Daisy (7 pound toy poodle mix, not a crazy chewer at all) is a picky eater, she doesn't like most dental chews (all that I've tried) but then I came across dehydrated duck necks at a local pet store (2 for $8). She loves them (I break them in half because a whole duck neck is a little much for her in one sitting), and I'm wondering if it'd be cheaper to make them myself. So I'm trying to do my research first~

Here are my current questions/problems:
1. Can I buy any cheap dehydrator (most likely I'll look on amazon) to use for chicken/duck necks? (Or is there some specific heat setting it needs to reach in order to properly dehydrate something that thick?).

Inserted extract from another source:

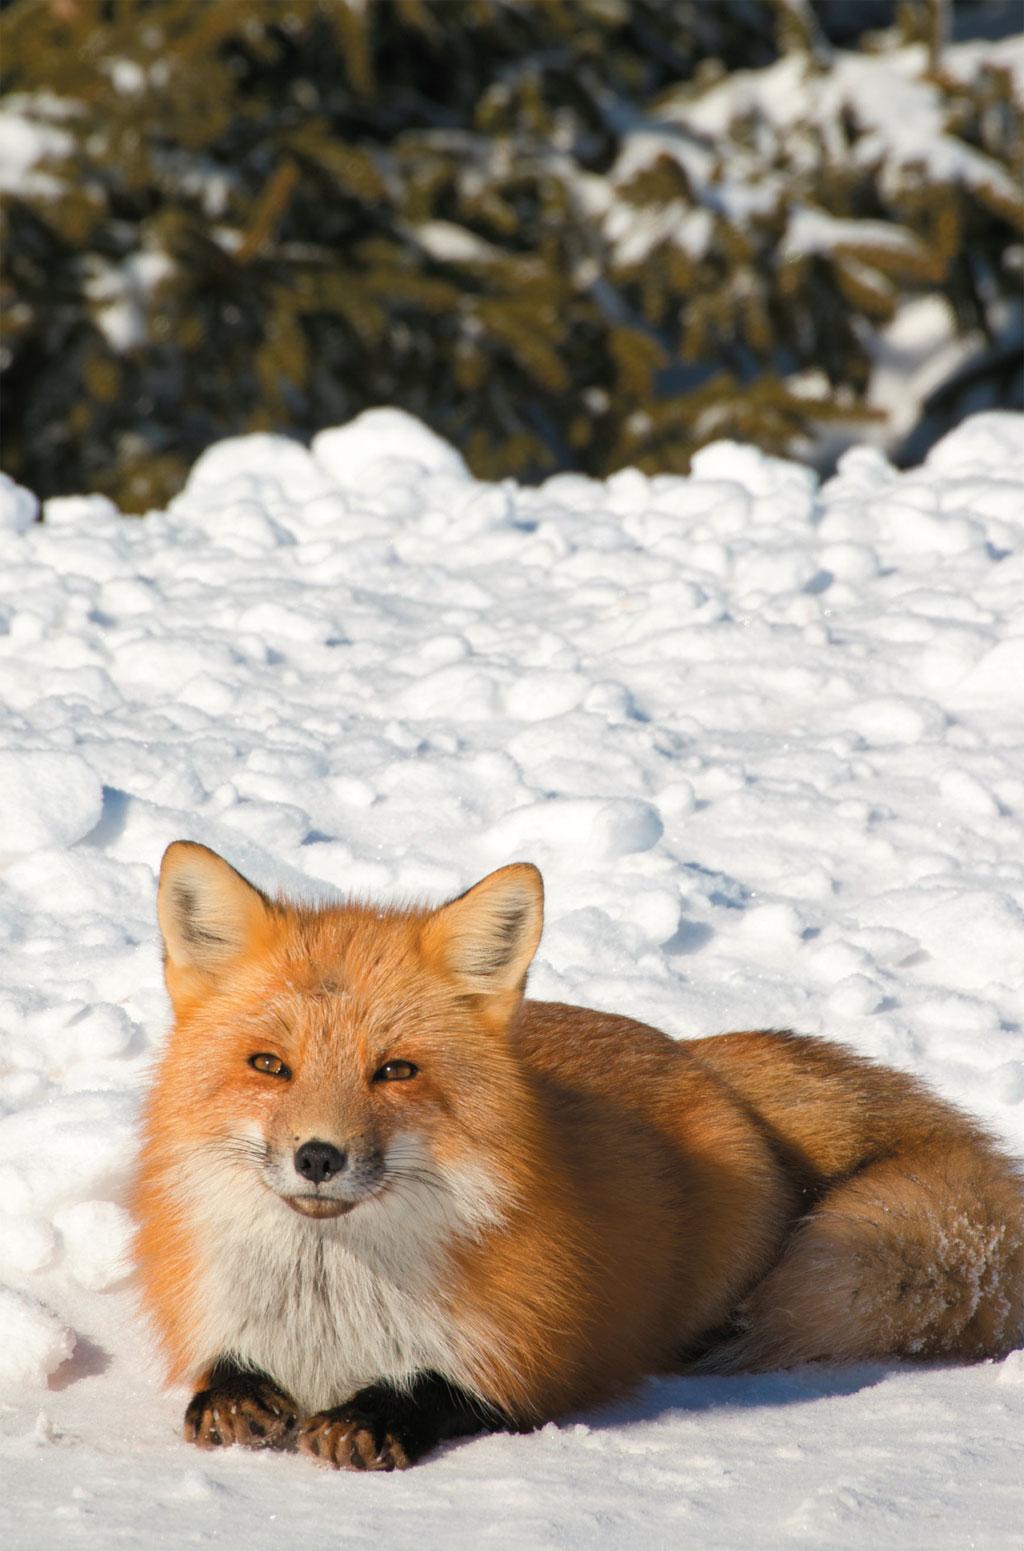 Raposa no Prince Edward Island National Park, no Canadá

2. If I can use any dehydrator- about how long do you think it will take, and will it smell? Also, is it true I'll need to pop it into the oven after to make sure all the bacteria are dead/all the moisture is out?
3. I live on Oahu.. so there's no butcher shops that I know of, but I read some people can get chicken necks from Safeway and Whole Foods. Any other recommendations? Does anyone know where I can get duck necks? (My cousin has an adult ~25lb corgi- and I'd like to make some for him too because he really loves them, but I think chicken necks are too small for a corgi?)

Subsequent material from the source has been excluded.